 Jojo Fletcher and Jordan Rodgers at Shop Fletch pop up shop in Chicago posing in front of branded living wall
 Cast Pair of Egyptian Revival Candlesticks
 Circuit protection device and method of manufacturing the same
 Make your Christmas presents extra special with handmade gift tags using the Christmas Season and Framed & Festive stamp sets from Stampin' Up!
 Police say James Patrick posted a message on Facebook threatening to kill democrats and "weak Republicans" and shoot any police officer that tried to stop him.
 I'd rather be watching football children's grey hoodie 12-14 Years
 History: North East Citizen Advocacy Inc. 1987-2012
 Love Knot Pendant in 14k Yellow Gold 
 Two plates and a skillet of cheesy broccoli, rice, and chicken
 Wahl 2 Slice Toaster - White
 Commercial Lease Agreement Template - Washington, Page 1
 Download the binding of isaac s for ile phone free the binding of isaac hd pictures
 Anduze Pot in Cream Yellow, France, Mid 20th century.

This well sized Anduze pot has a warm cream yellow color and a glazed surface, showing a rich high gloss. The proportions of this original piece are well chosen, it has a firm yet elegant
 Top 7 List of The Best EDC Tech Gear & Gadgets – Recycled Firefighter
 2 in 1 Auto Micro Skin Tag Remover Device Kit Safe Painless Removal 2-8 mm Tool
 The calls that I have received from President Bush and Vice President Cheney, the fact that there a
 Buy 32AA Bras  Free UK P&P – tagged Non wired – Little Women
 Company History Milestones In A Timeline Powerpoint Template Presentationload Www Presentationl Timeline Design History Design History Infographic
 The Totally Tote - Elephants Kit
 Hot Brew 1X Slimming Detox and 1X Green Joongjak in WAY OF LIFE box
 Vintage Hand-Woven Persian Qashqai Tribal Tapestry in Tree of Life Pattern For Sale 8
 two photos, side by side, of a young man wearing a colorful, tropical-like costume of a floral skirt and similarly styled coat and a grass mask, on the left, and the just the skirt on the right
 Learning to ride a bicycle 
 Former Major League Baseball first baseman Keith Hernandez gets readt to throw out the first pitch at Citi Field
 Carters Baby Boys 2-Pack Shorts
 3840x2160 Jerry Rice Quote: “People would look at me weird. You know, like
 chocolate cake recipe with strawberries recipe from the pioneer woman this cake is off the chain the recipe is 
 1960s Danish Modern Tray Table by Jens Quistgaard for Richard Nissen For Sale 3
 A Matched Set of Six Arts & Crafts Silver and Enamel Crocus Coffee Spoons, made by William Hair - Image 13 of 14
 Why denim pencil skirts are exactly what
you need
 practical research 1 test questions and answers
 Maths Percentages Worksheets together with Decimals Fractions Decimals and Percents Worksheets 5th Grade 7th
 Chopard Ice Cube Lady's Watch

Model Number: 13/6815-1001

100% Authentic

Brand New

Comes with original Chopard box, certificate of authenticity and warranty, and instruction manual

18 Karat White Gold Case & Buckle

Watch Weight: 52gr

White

--------------------

== TASK DIRECTIONS ==
Would you return the full set of entries, unchanged in every detail?

== RESPONSE ==
 Jojo Fletcher and Jordan Rodgers at Shop Fletch pop up shop in Chicago posing in front of branded living wall
 Cast Pair of Egyptian Revival Candlesticks
 Circuit protection device and method of manufacturing the same
 Make your Christmas presents extra special with handmade gift tags using the Christmas Season and Framed & Festive stamp sets from Stampin' Up!
 Police say James Patrick posted a message on Facebook threatening to kill democrats and "weak Republicans" and shoot any police officer that tried to stop him.
 I'd rather be watching football children's grey hoodie 12-14 Years
 History: North East Citizen Advocacy Inc. 1987-2012
 Love Knot Pendant in 14k Yellow Gold 
 Two plates and a skillet of cheesy broccoli, rice, and chicken
 Wahl 2 Slice Toaster - White
 Commercial Lease Agreement Template - Washington, Page 1
 Download the binding of isaac s for ile phone free the binding of isaac hd pictures
 Anduze Pot in Cream Yellow, France, Mid 20th century.

This well sized Anduze pot has a warm cream yellow color and a glazed surface, showing a rich high gloss. The proportions of this original piece are well chosen, it has a firm yet elegant
 Top 7 List of The Best EDC Tech Gear & Gadgets – Recycled Firefighter
 2 in 1 Auto Micro Skin Tag Remover Device Kit Safe Painless Removal 2-8 mm Tool
 The calls that I have received from President Bush and Vice President Cheney, the fact that there a
 Buy 32AA Bras  Free UK P&P – tagged Non wired – Little Women
 Company History Milestones In A Timeline Powerpoint Template Presentationload Www Presentationl Timeline Design History Design History Infographic
 The Totally Tote - Elephants Kit
 Hot Brew 1X Slimming Detox and 1X Green Joongjak in WAY OF LIFE box
 Vintage Hand-Woven Persian Qashqai Tribal Tapestry in Tree of Life Pattern For Sale 8
 two photos, side by side, of a young man wearing a colorful, tropical-like costume of a floral skirt and similarly styled coat and a grass mask, on the left, and the just the skirt on the right
 Learning to ride a bicycle 
 Former Major League Baseball first baseman Keith Hernandez gets readt to throw out the first pitch at Citi Field
 Carters Baby Boys 2-Pack Shorts
 3840x2160 Jerry Rice Quote: “People would look at me weird. You know, like
 chocolate cake recipe with strawberries recipe from the pioneer woman this cake is off the chain the recipe is 
 1960s Danish Modern Tray Table by Jens Quistgaard for Richard Nissen For Sale 3
 A Matched Set of Six Arts & Crafts Silver and Enamel Crocus Coffee Spoons, made by William Hair - Image 13 of 14
 Why denim pencil skirts are exactly what
you need
 practical research 1 test questions and answers
 Maths Percentages Worksheets together with Decimals Fractions Decimals and Percents Worksheets 5th Grade 7th
 Chopard Ice Cube Lady's Watch

Model Number: 13/6815-1001

100% Authentic

Brand New

Comes with original Chopard box, certificate of authenticity and warranty, and instruction manual

18 Karat White Gold Case & Buckle

Watch Weight: 52gr

White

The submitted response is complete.